03/10/05
社内恋愛禁止の歴史とセクハラ
高度成長期以降、どういう訳か(実はサラリーマン化が進んだせいでしょう)庶民にいたるまで武家の家庭道徳観が浸透してしまい、(離婚が減ったのはいいですが・・・)運転手の妻まで「夫を主人」と言い、運転手も妻をカカアと言わずに奥さんというようになりました。
こうなると、わが国原初以来連綿と続いてきた庶民のたくましい性の融通意識(和姦)が消滅してしまったばかりでなく、2号さんや妾になるのは不浄なことのようになってしまったのです。
明治以降の女性にだけに対する性道徳の厳格化が、風俗産業の繁盛に繋がったのですが、性道徳の完成が進んだ結果、風俗で遊ぶこともいけなくなったのですから、男女ともに窮屈な社会となりました。
こうしてみると中国輸入の「性の価値観」〔律令ではまったく無視されていたのですが)が朱子学とともに江戸の武家に輸入され、(俸禄の支給に困っていた徳川政権並びに各藩主としては、家の断絶の可能性のあるこの制度・思想は便利でした。)これがやっと1970年代に庶民レベルにまで定着したと言えるかも知れません。
また、明治以来政府が武士でない庶民にまで、武士意識を強要して来た成果が、(戸籍制度の定着とともに)戦後初めて完成したともいえるのです。
運転手も今では運転「士」と言うことは、10/18/03「教育改革21・・・・・個人の豊かな社会(税制の直接民主主義2)」のコラムでも紹介しました。

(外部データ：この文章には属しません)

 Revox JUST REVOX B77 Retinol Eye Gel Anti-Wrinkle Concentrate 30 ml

11/25/04「官名の濫用(運転「手」から運転「官」へ)官とは?1」以下でも書きました。
江戸時代以降性道徳が窮屈であったと言っても、武家(中国の価値観)でも、使用人に手をつけるのは「幸」せらると言って良かったのですから、現在の職場でのセクハラの歴史は、意外に根深いものと分るでしょう。

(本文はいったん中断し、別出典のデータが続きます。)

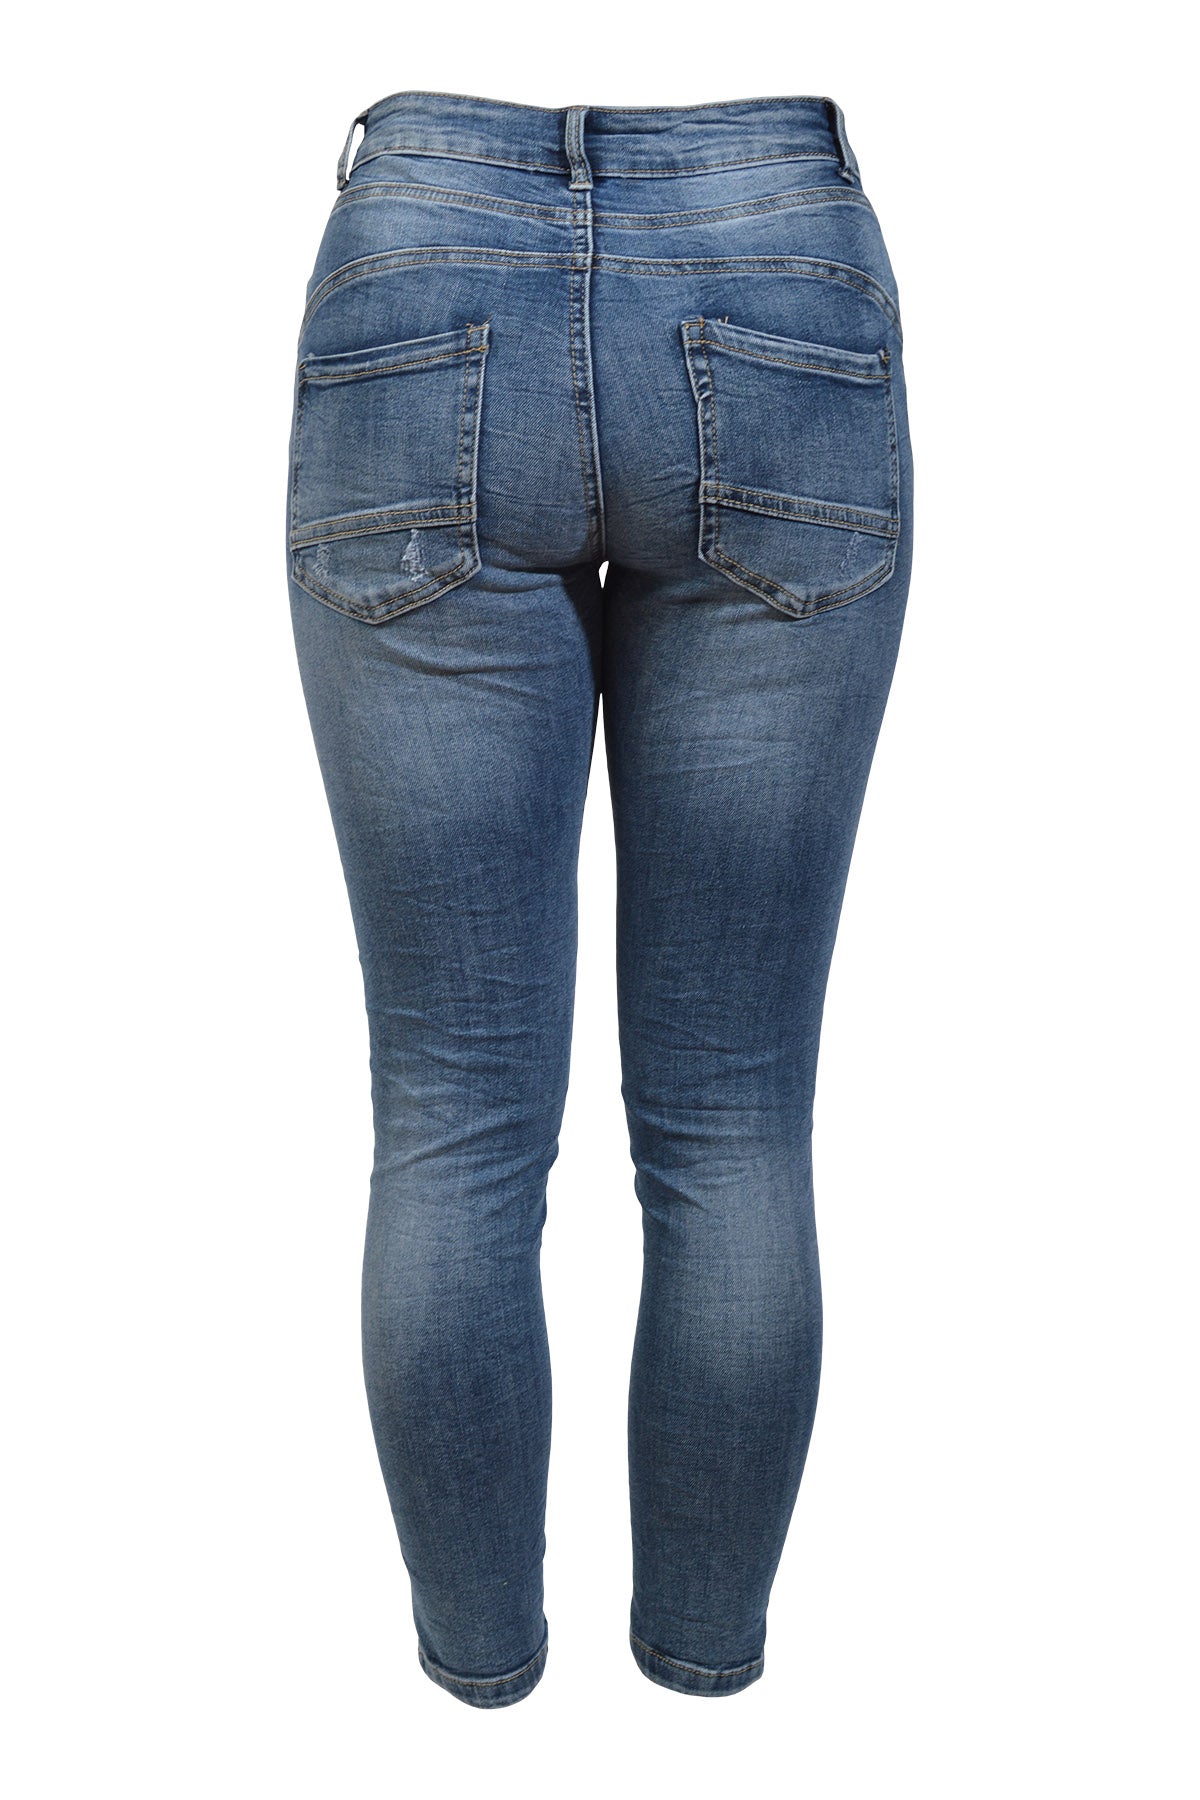 Piro jeans PB536, Jeans

但し、武家の主人でも行儀見習にきている良家の娘に手をつけるのは許されませんでしたし、(これが今でも学校教師が生徒に手をつけるのが厳しく非難される歴史経過です。)ましていわんや、主人ではない中間管理職が手をつけるなどは論外でした。
天武朝ころの采女(ウネメ)に、役人が手を出すなどはまったく許されなかったことを、想起してもいいでしょう。
単に社内の風紀が乱れるから社内恋愛禁止のルールがあるのではなく、こうした歴史があるのです。
今の中間管理職が、武家の主人気取りで端女(はしため)ではない、ちゃんとした良家の娘又はよその奥さんに手を出すなどは、とんでもない歴史の思い違いというべきでしょう。
このように唯一許された主人と下女の関係の逆を行ったのが、「チャタレイ夫人の恋人」ではないでしょうか?